My baby had a bad day yesterday. It happens in the restaurant biz, and when the “Really nothing can pick me up from a day like this” type texts started coming in, I knew I had to at least make an effort. The best way I know to cheer people up is with food and listening to their venting, and normally Dane doesn’t want to talk about work when he’s had a bad day. Food it was.
Now, at my house we’ve been wanting to make seitan for a while. Soul Vegetarian down in the Virginia-Highlands area use seitan for their “meats” and the boys have been pretty enamored. I have been sold on this wheat meat since my first trip to My Thai Vegan Cafe in Boston’s Chinatown, as I went to Emerson College literally two blocks away from it. To add to the intrigue is the protein content; Brandon has been wanting to bulk up, and so we’ve been researching the best vegan protein sources. He’s even been making protein energy balls from recipes I found him! And they’re wicked, wicked good.
Lots of great stuff in there, including quinoa, lentil flour, goji berries… For those of you who don’t know, seitan is the top protein source per ounce period, vegan or non-vegan. 3 oz of seitan is a whopping 31 grams of protein. You need double that amount of steak to get you to 42g, and a 3.5 oz breast of chicken is 30g. For vegan comparisons, you need a whole cup of tempeh to get you to 41g of protein–which, is fine by me! Love that stuff.
Anyway, We bought the vital wheat gluten a couple weeks ago and have been more than ready to give it a shot. I’ve been reading up on how to make it at home as much as possible, and yet I didn’t knead it enough. The kneading and pounding and stretching and beating the hell out of it is what causes that great texture, the “strands” if you will that makes it so similar to meat. I also heard last night that freezing, thawing, beating, re-freezing, re-thawing, re-beating… is kind of the trick. Next time I try, I’ll definitely let you all know!

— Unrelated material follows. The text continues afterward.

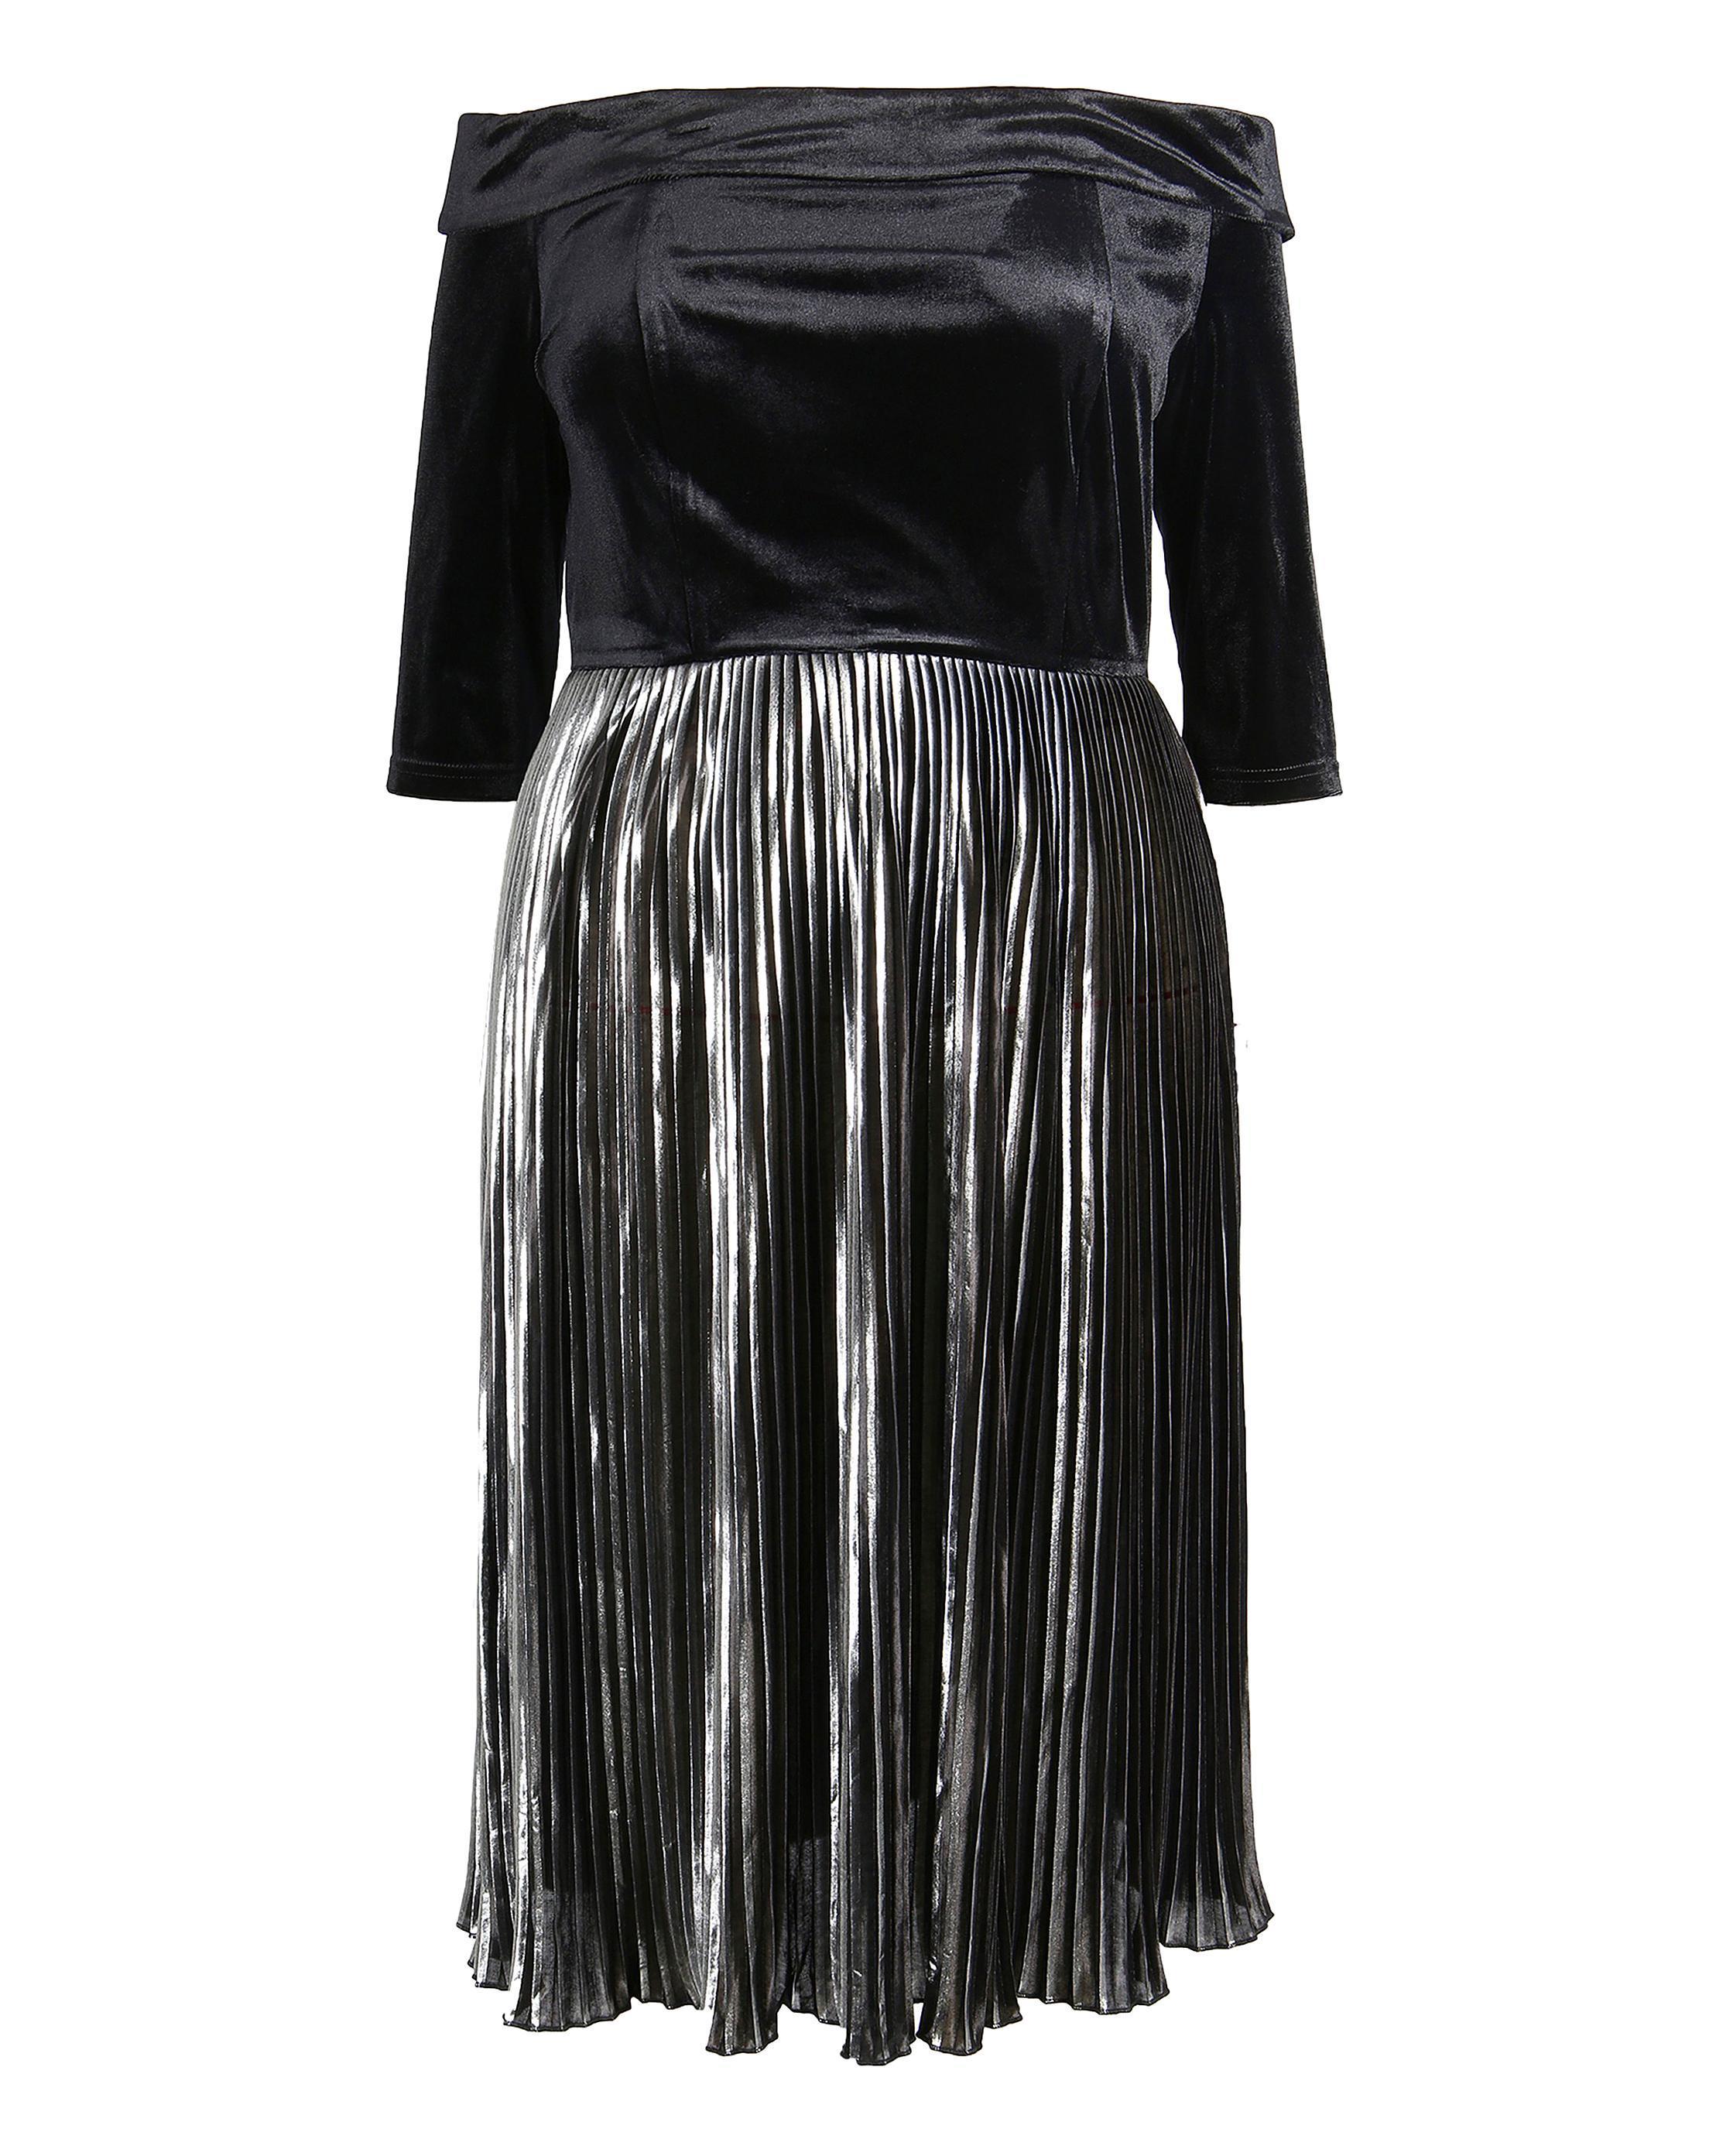 8574578a8de Off The Shoulder Dress Pleated Skirt

I cut the loaf into three pieces to simmer in the broth, and once they came out of their 45 minute bath and rested for another 15, I began the experimentation. One cutlet I kept a cutlet, another I made into thin strips (above), and the third was thicker chunks which would have been ideal for fajitas. If any of you are wondering, I saved the broth they simmered in for next time.

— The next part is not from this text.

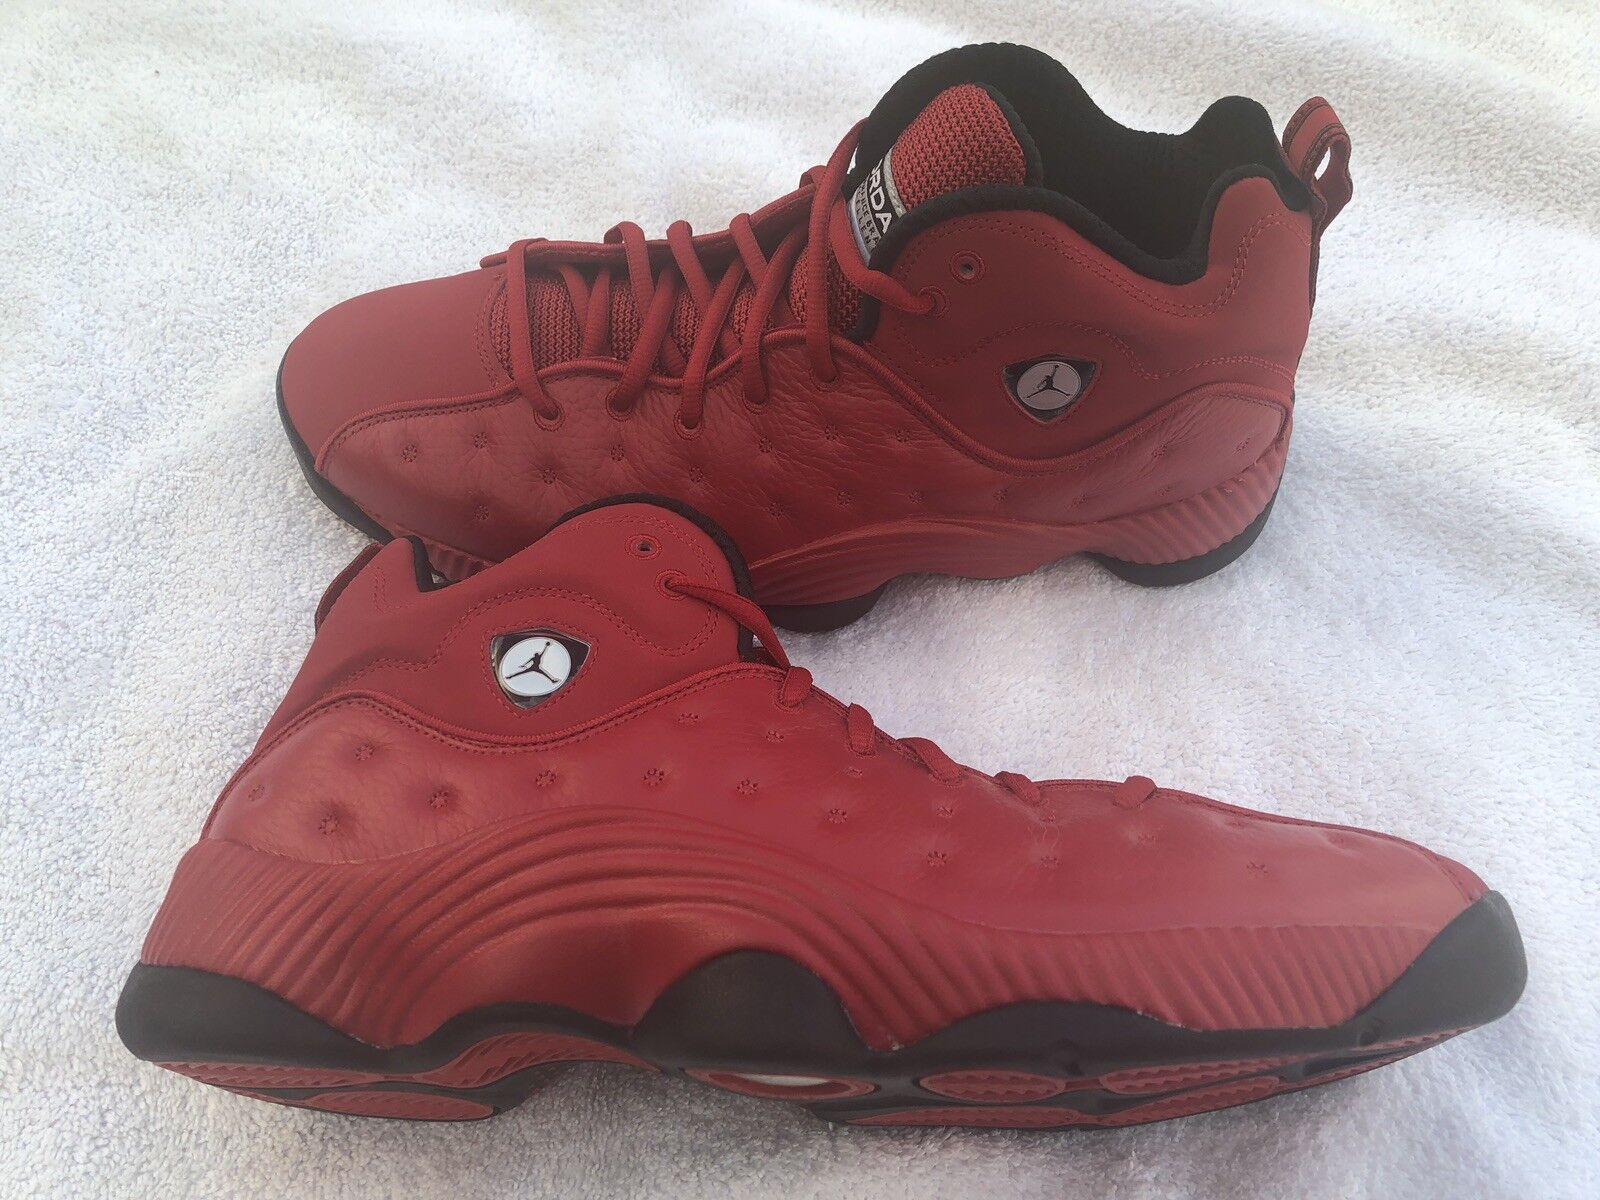 Nike Mens Air Jordan Jumpman Team II Sneakers Gym Red 819175-602 Size 12.0

We used PPK’s recipe for our first go-round, except I used teriyaki instead of soy sauce (we’re out–I’m embarrassed) and I used our bouillon to make the broth. The taste? Delicious, incredibly well-received. Again, I messed up the texture but I have learned for next time! The guys still really loved it.
That’s Brandon’s hand shown for scale–and his hand is twice the size of mine. That seitan cutlet was easily 45 grams of protein. Once the seitan was out of the broth, strained, and cut up, it got a quick saute.
We all sampled all the different cuts to see which we liked best. I loved all of them for different purposes, and I DEFINITELY want to try slicing a big loaf of it for “deli meat” in sandwiches in the future. I’m just so excited about it because of the protein content and how amazingly cheap it is. All of that took only a cup of wheat gluten flour.
I also roasted up some redskin potatoes with broccoli, garlic, and white onion because Dane really loves potatoes. Roasting potatoes can be kind of a pain, but the trick is to cut them up relatively small and to make sure they’re coated in the oil you choose. That way you don’t have to use a lot of it and everything bakes nice and even. I had these in the oven on 375 for about 40 minutes, tossing them around about half way and at the last ten minutes. For seasoning, I used garlic, s & p, and some rosemary leaves would be amazing in here.
So I made him a plate and sat down, told him I wanted to know which cut he thought was best, and I believe afterward he said something along the lines of “I never want to eat anything else again.”
I was just so glad I could turn his night around a little bit! He really cheered up. I feel like a “meat and potatoes” meal can have that effect on people because being satiated with great-tasting, filling food is just so satisfying. God damn it food is so awesome.